Every blog and news outlet, whether it be music, sports or personal are all a buzz about the death of Michael Jackson. I hate to dog pile the subject considering this blog has already posted one short mention of this news already but I believe I have a thought, possibly a stupor, that quite a few people of my age can identify with.
I have to admit that I’m actually having a hard time with this news, not in the “I don’t know how my life is going to go on” kind of way but in the “I never really knew Michael Jackson as the King of Pop” kind of way. I grew up in the 80′s and when I say “grew up in the 80′s” I mean that I took my first steps, ate my first solid food and learned how not to crap my pants. Of course during the 80′s I listened to the music that my parents listened to, namely Frankly Valli and the Four Season, the Bee Gees and the Fifth Dimension. I do remember that my dad did have the Thriller vinyl but I don’t remember ever hearing him spin it. So by the time that I really started to understand music, who musicians were and being able to recognize a song and associate it to a particular musician Jackson was already turning in the circus act that we all, unfortunately, started to know him as.
This strange interim period of his life that I grew up in has put me feeling a little bit in an emotional limbo today.
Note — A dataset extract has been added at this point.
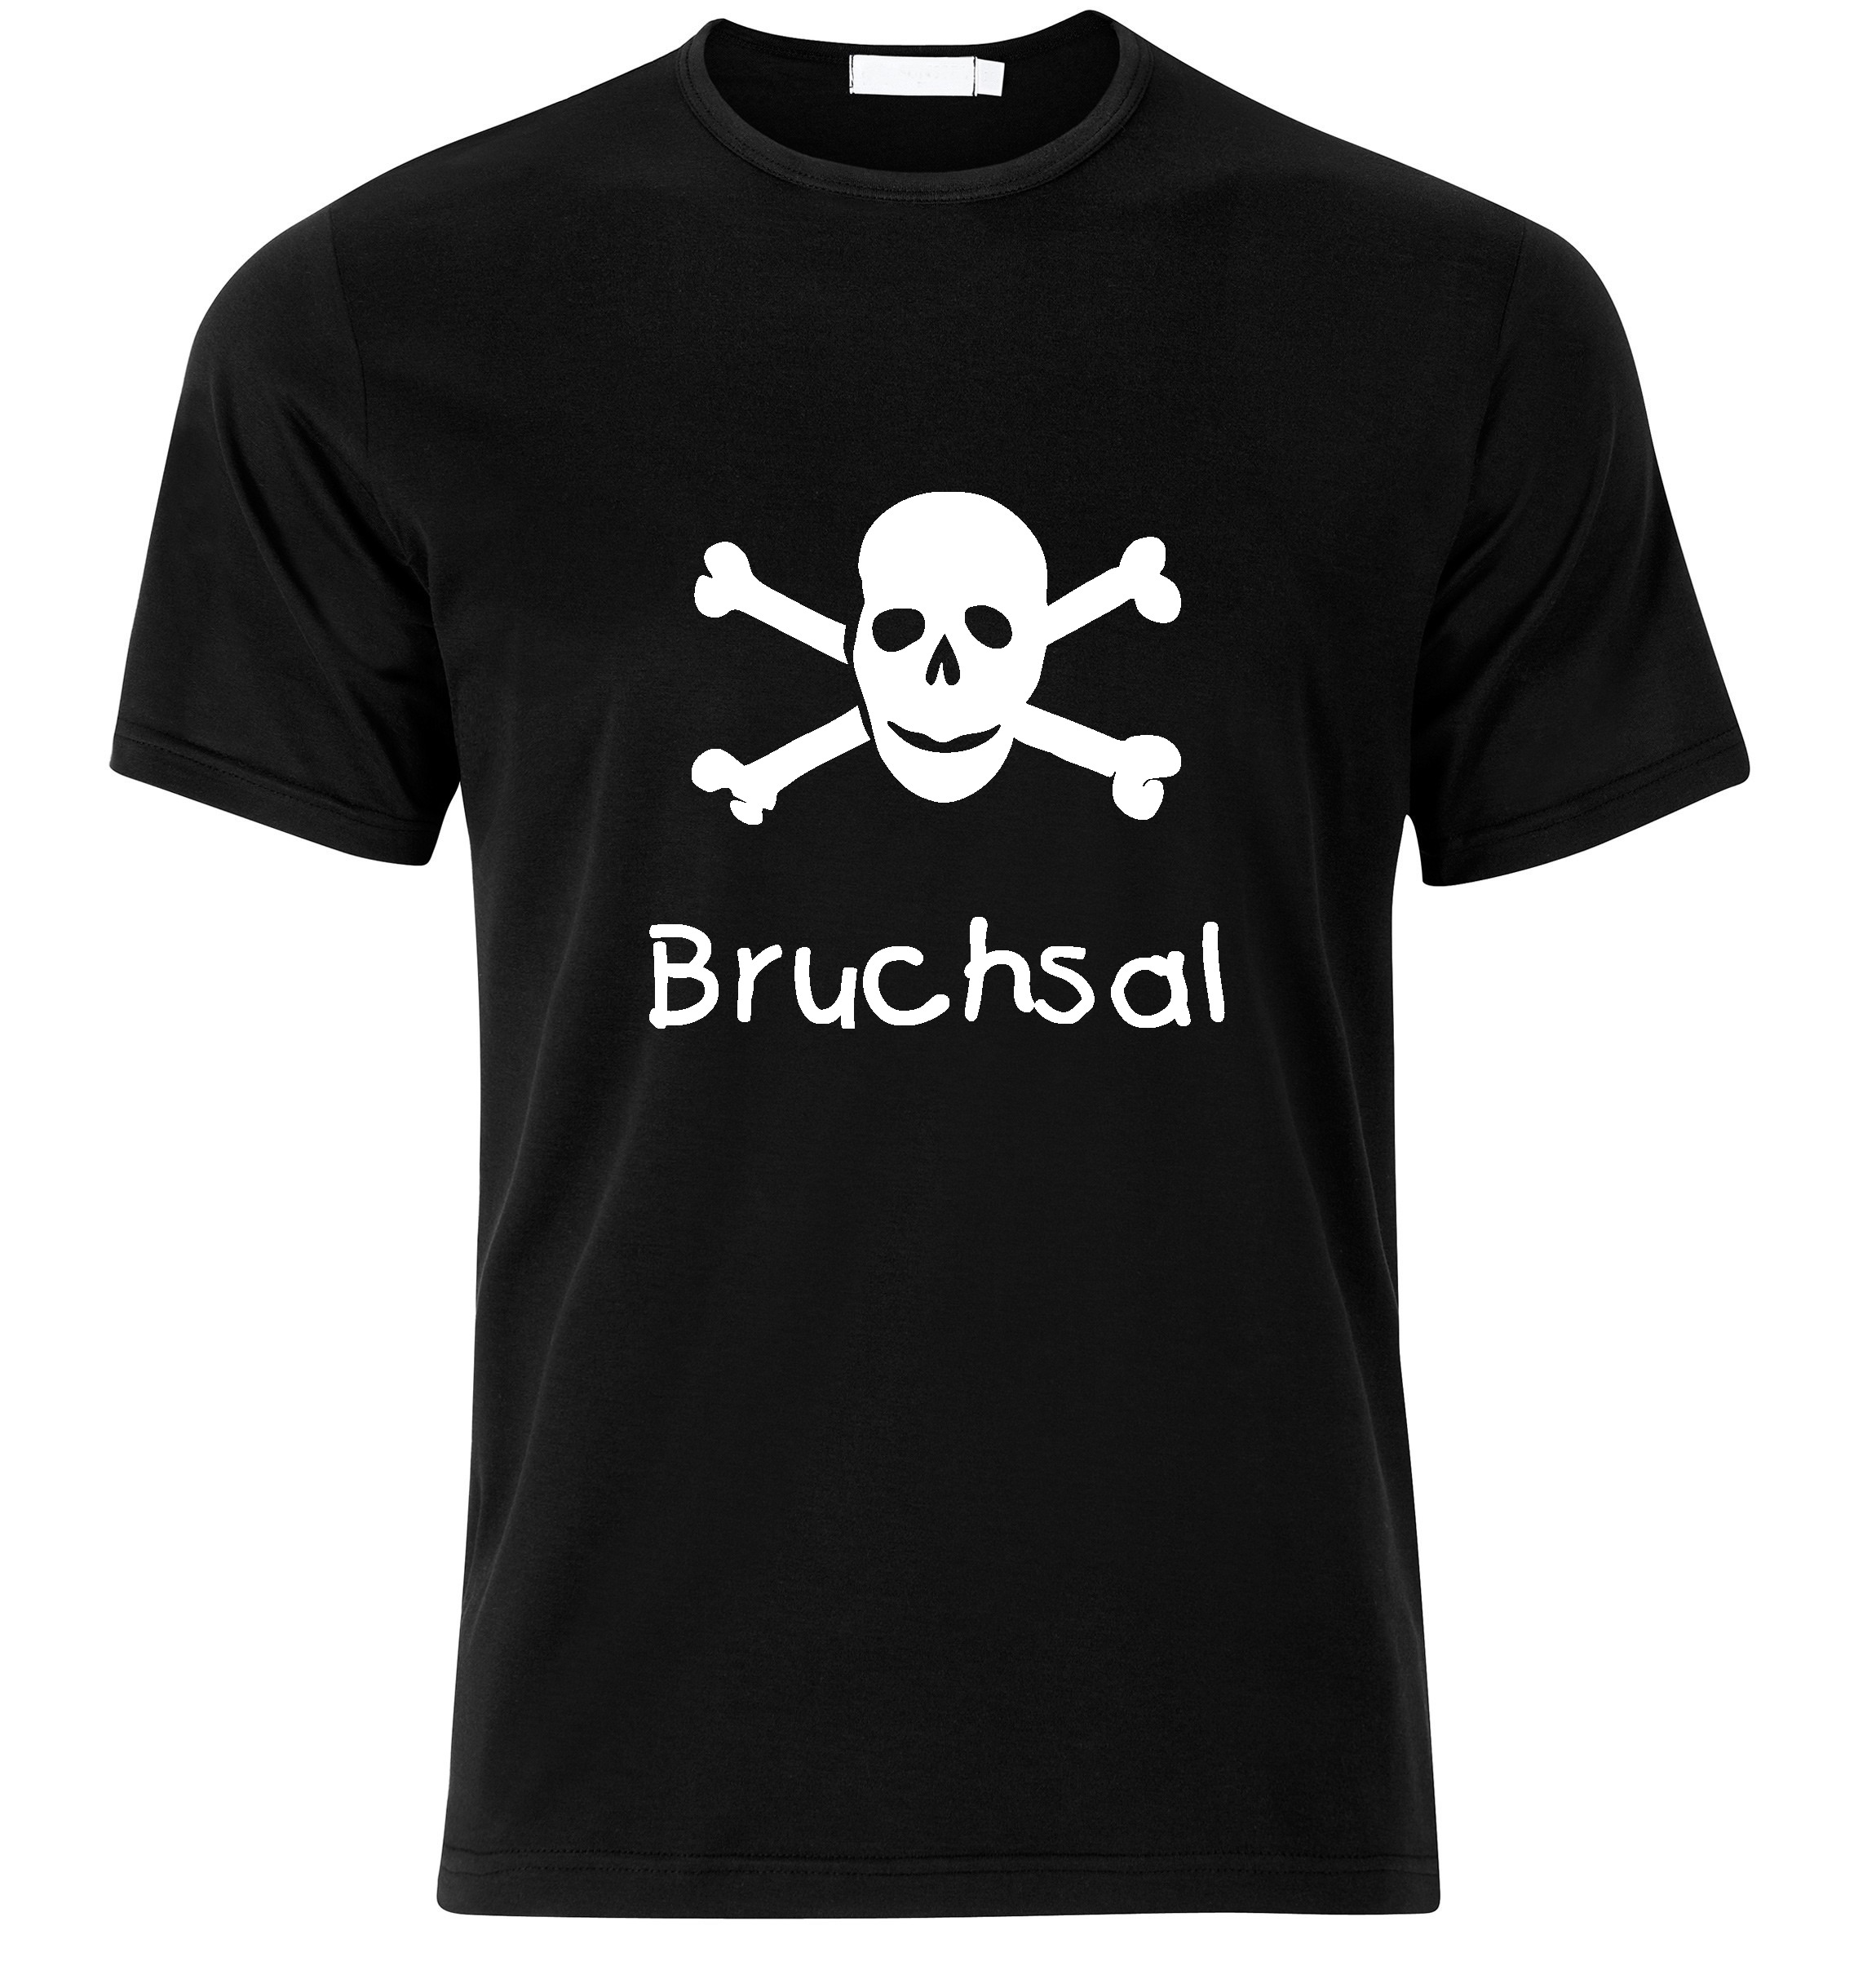 T-Shirt Bruchsal Jolly Roger, Totenkopf

On the one hand, now that I’m an adult and a music lover, I definitely recognize Jackson’s influence on music and would bet that if you stopped every person you met on the street that each one of them would name a Jackson song as, at the very least, a guilty pleasure if not a favorite track outright. But on the other hand his later life (the one I am most familiar with) was comprised of nothing but trials, accusations and rumors. While fellow blogger Fred grew up with this imprinted on his mind as to what Michael Jackson was and meant to music, I, unfortunately, only remember this.
Now that I have written this out I think I know where I stand. I do feel saddened by his passing because of his lasting influence but mostly, as selfish as it may sound, I am more saddened for myself for having not been able to experience this optimal era in the history of music more fully. I just wish that I would have been old enough to recognize his glory days and hope that his lasting memory with the younger generation will be that of an amazing musician and entertainer instead of the lower point of his last days.